At 19, you tried to take my life. This slow murder wasn’t quick enough, I suppose.
You’re very much a part of me, but I am no longer a part of you. You know my family all too well. You’ve come on every vacation, come to every holiday since I can remember.
In Europe you were selfish. In Europe, I was too fat to enjoy the flavors and the culture. I was too weak, too lonely, too sad to be without you, I wouldn’t be able to control my emotions if I didn’t have you. On my birthdays, you stole my cake. You made me look at my family, my grandparents, and say no. I did not want this. On Halloween, you sent me to the ER and put me on an IV and stole yet another memory. On Christmas, you stole everything. I will never forgive you, never, for stealing Christmas.
You’ve made me mean, you’ve made me hurtful. You made me one of the nastiest people I knew, to the people I love more than anything.
Ironically, you’ve made me stronger. You have not made me weak. You didn’t cut my wings, you fed them, and helped them grow. It was you that made me strong enough to leave you.
You sent me to hell, but it’s time for me to go home. It’s time for my siblings to have their sister back. They don’t really like you, and I like them more than you. So it’s time for you to go. It’s time for my parents to have their daughter back. They’ve seen me at my weakest, at my strongest, and they have loved me through it all. You only love me at my weakest, and that’s something I can’t maintain. They hate you, and it’s time to make them proud. It’s time for my boyfriend to have the girl he sees most of the time, all of the time. He may not know me without you, but I do, and that’s who I want him to know. It’s time for me to have me back. It’s time for me to love me, unlike the way you “love” me. I’ve had my fill of abusive relationships, and I’m ready to be without you. I do not need you.

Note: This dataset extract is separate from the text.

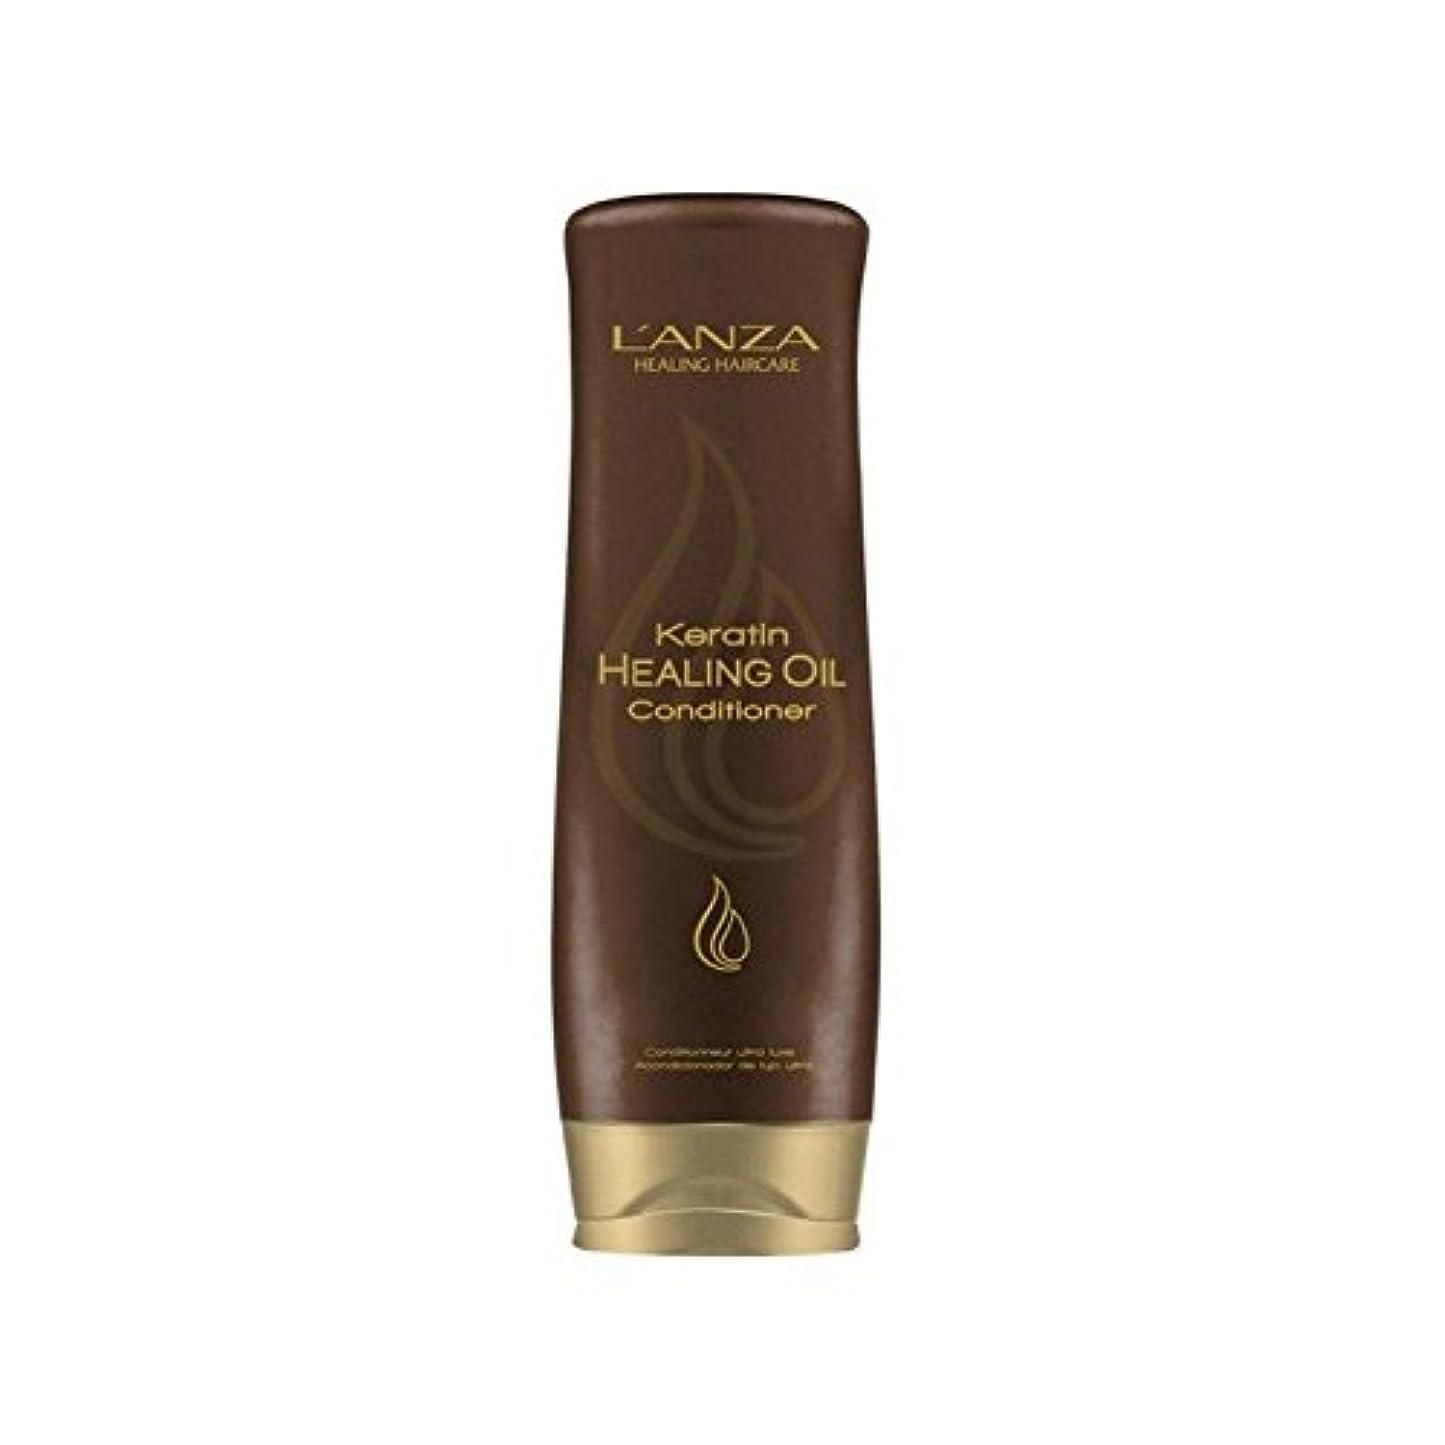 オール現実的詐欺師L'Anza Keratin Healing Oil Conditioner (250ml) - アンザケラチンオイルコンディショナー(250ミリリットル)を癒し [並行輸入品]
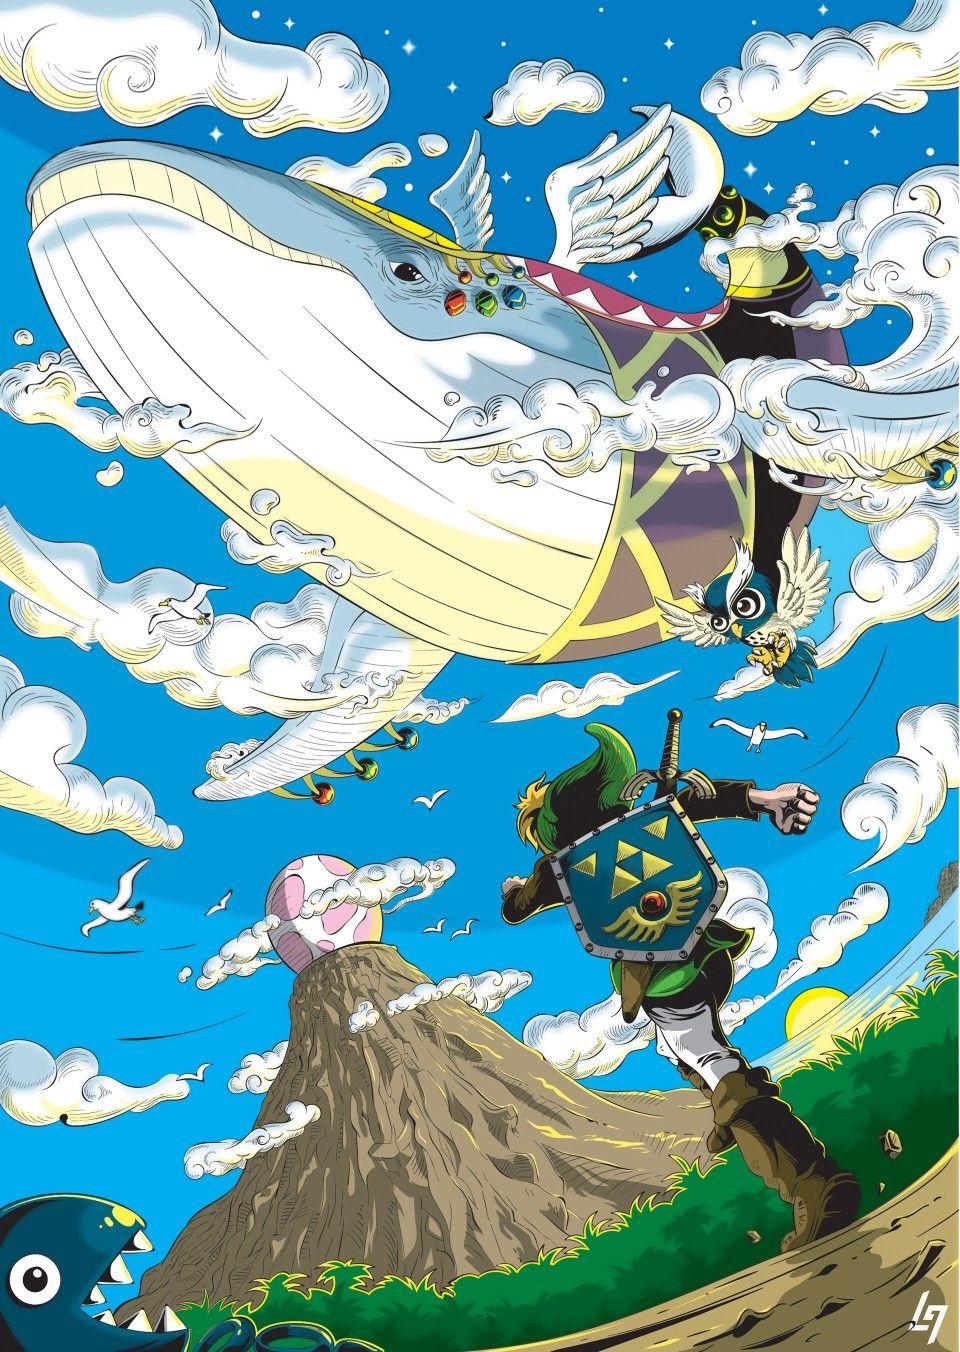 Legend Of Zelda Link S Awakening Art Link The Wind Fish By Leonard Guiam On Artstation Awakening Art Zelda Art Legend Of Zelda

I will probably see you around. You’ll wave to me in the grocery store and tell me to turn the container so I can see the label. You’ll poke my fat as I study and tell me that there are more important things. You’ll watch me as I workout, laughing. You’ll see me out with my friends and try to pull me away. Sometimes, you might win. You might. But you need to know that your losses are beginning to outweigh your wins. Your shackles are loosening, and I’m preparing to break free.
I know you won’t let me go without a fight, without a battle, but seven years of you has made me strong. Seven years of doctors, needles, therapy, and abuse have made me resent you. So just know, old “friend”—we’re done. And you’ll need to accept that.